The catalytic converter’s efficiency and temperature go hand in hand. If the converter is operating as it should, the outlet temperature should be slightly higher than the inlet. The old rule of thumb was a 100-degree Fahrenheit difference. However, many modern vehicles might not show that much of a difference.

There is no actual “catalyst temperature sensor.” What the codes described in this article refer to is the oxygen sensor. The “bank 1” part of the code indicates the issue is with the engine’s first bank. That is, the bank that includes cylinder number 1. “Sensor 2” refers to the sensor mounted downstream of the catalytic converter.

Trouble code P042C is set when the PCM detects a low catalyst temperature sensor signal in bank 1, catalyst temperature sensor 2 circuit. This typically indicates the circuit is shorted.

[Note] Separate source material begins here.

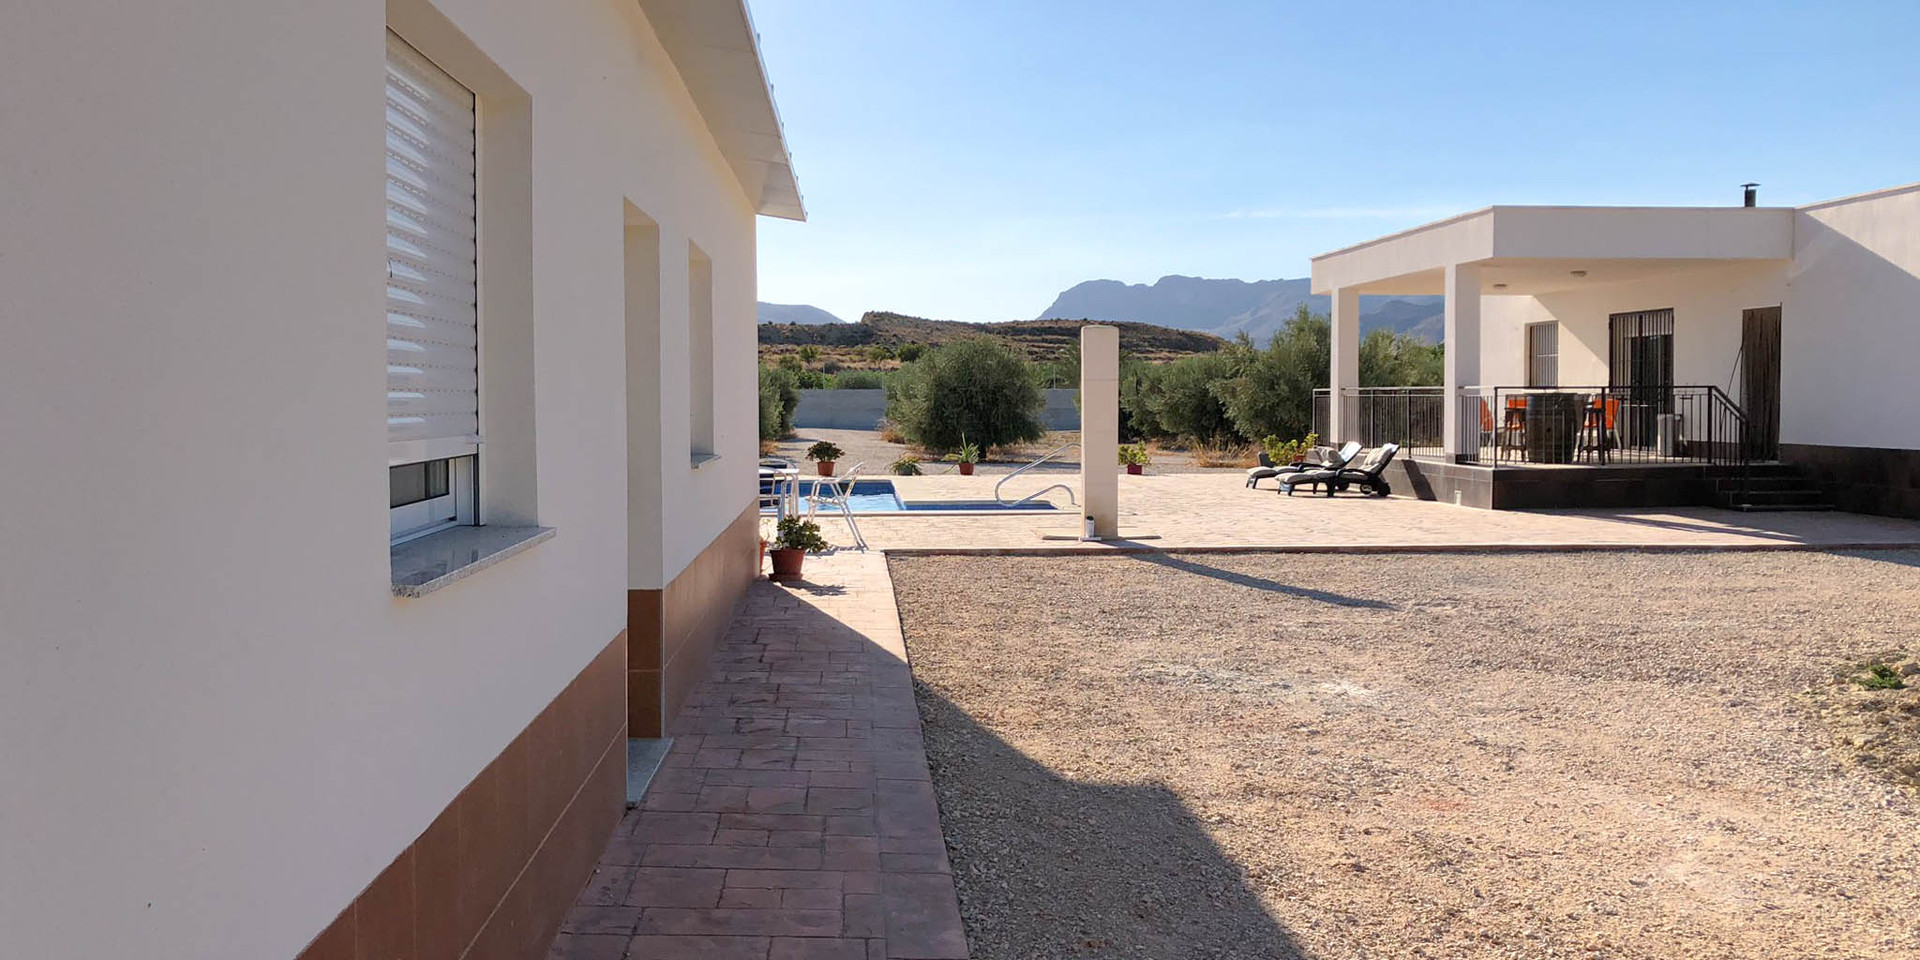 Vivienda en Mahoya. Casa entre olivos en Abanilla. Invitados

Code Severity and Symptoms

The severity of this code is moderate. Symptoms of a P042C engine code may include:

  • Check engine light illuminated
  • Poor engine performance
  • Reduced fuel economy
  • Increased emissions

Causes

Possible causes of this P042C code include:

  • Faulty oxygen sensor
  • Wiring issues
  • Unbalanced air/fuel mixture
  • PCM programming / faulty PCM

Diagnostic and Repair Procedures

Start by visually inspecting the downstream oxygen sensor and its associated wiring. Look for loose connections, damaged wiring, etc. Also check for exhaust leaks visually and audibly. An exhaust leak can cause a false oxygen sensor code. If damage is found, repair as necessary, clear the code, and see if it returns.

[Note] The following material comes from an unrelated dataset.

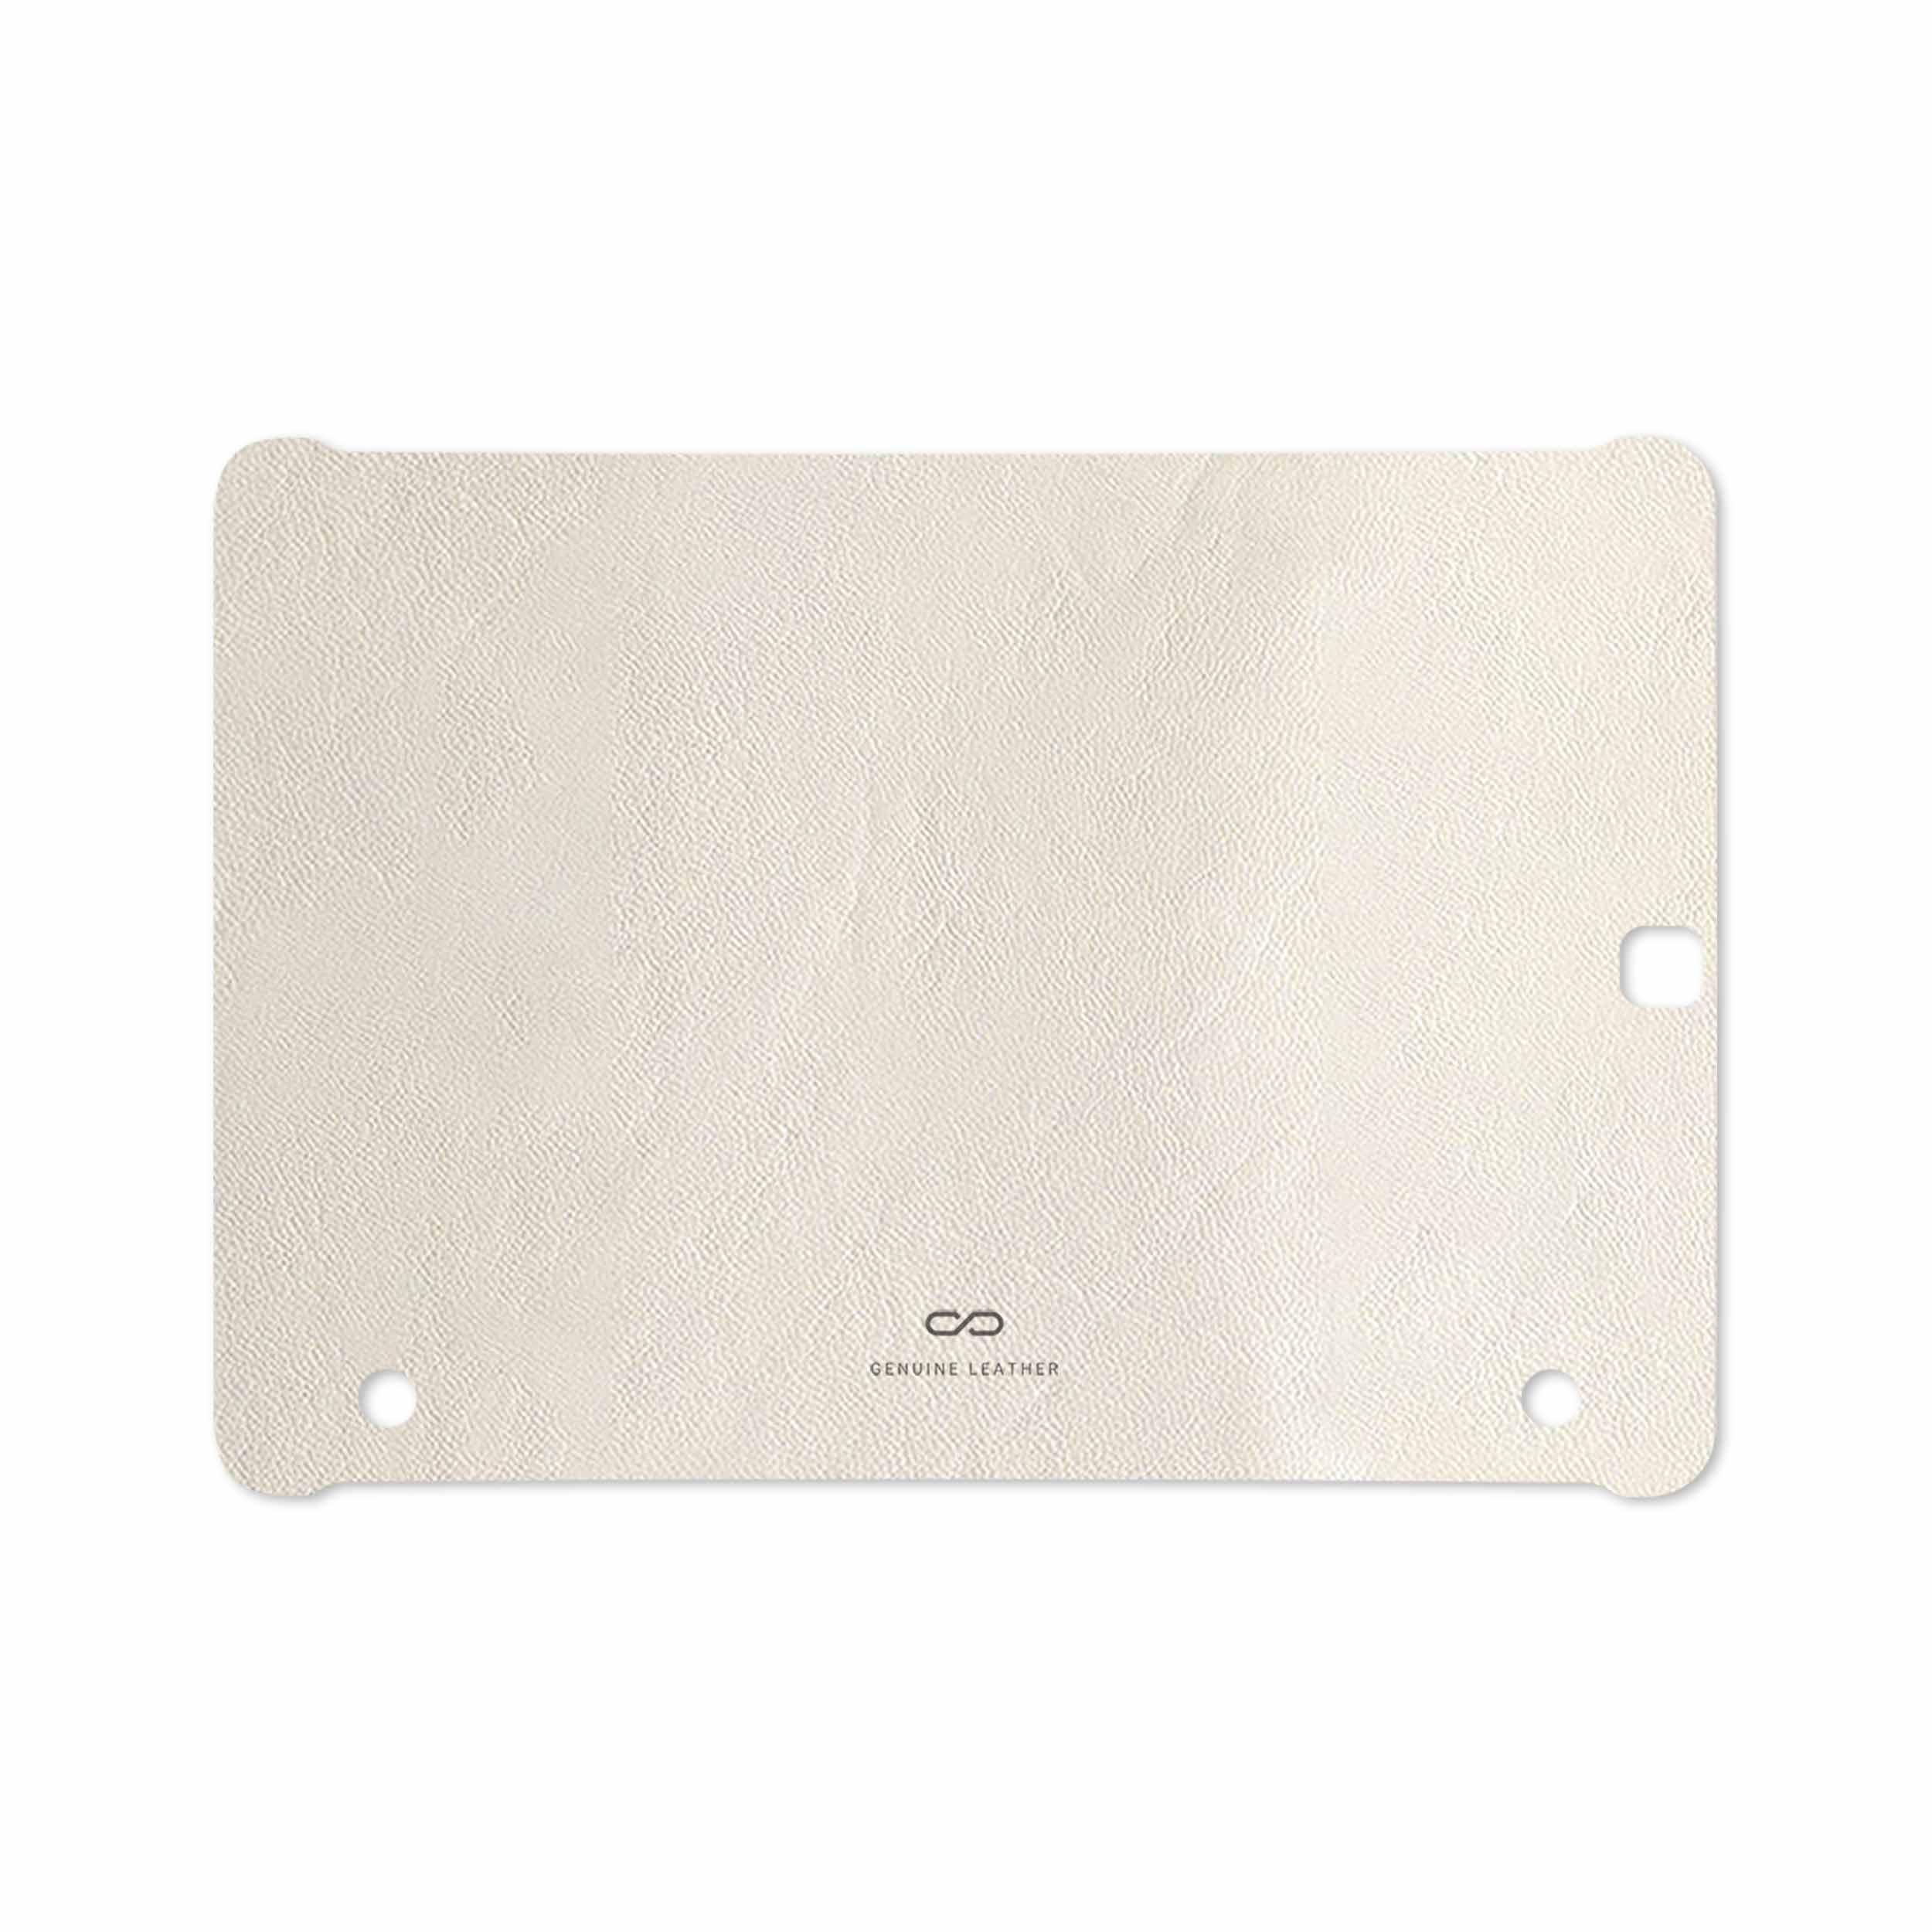 بررسی و خرید [با تخفیف]                                     برچسب پوششی ماهوت مدل Corn-Silk-Leather مناسب برای تبلت سامسونگ Galaxy Tab S2 9.7 2016 T819N                             اورجینال

Next, check for technical service bulletins (TSBs) regarding the issue. If nothing is found, you’ll need to move on to step-by-step diagnosis of the system. The following is a generalized procedure, as tests for this code vary by vehicle. To accurately test the system, you will need to refer to a diagnostic flowchart specific to your vehicle’s make/model.

Check for Other DTCs

Oxygen sensor codes can often be set due to engine performance issues causing an unbalanced air/fuel mixture. If other trouble codes are stored, you should address those first before proceeding with oxygen sensor diagnosis.

Check Sensor Operation

To do this, it’s best to use a scan tool or, even better, an oscilloscope. Since most individuals don’t have access to an oscilloscope, we will cover diagnosing the oxygen sensor using a scan tool. Connect the scan tool to the OBD port under the dashboard. Turn on the scan tool and choose the Bank 1 Sensor 2 voltage parameter from the data list. Bring the engine to operating temperature and view the sensor’s operation on the scan tool in graph mode.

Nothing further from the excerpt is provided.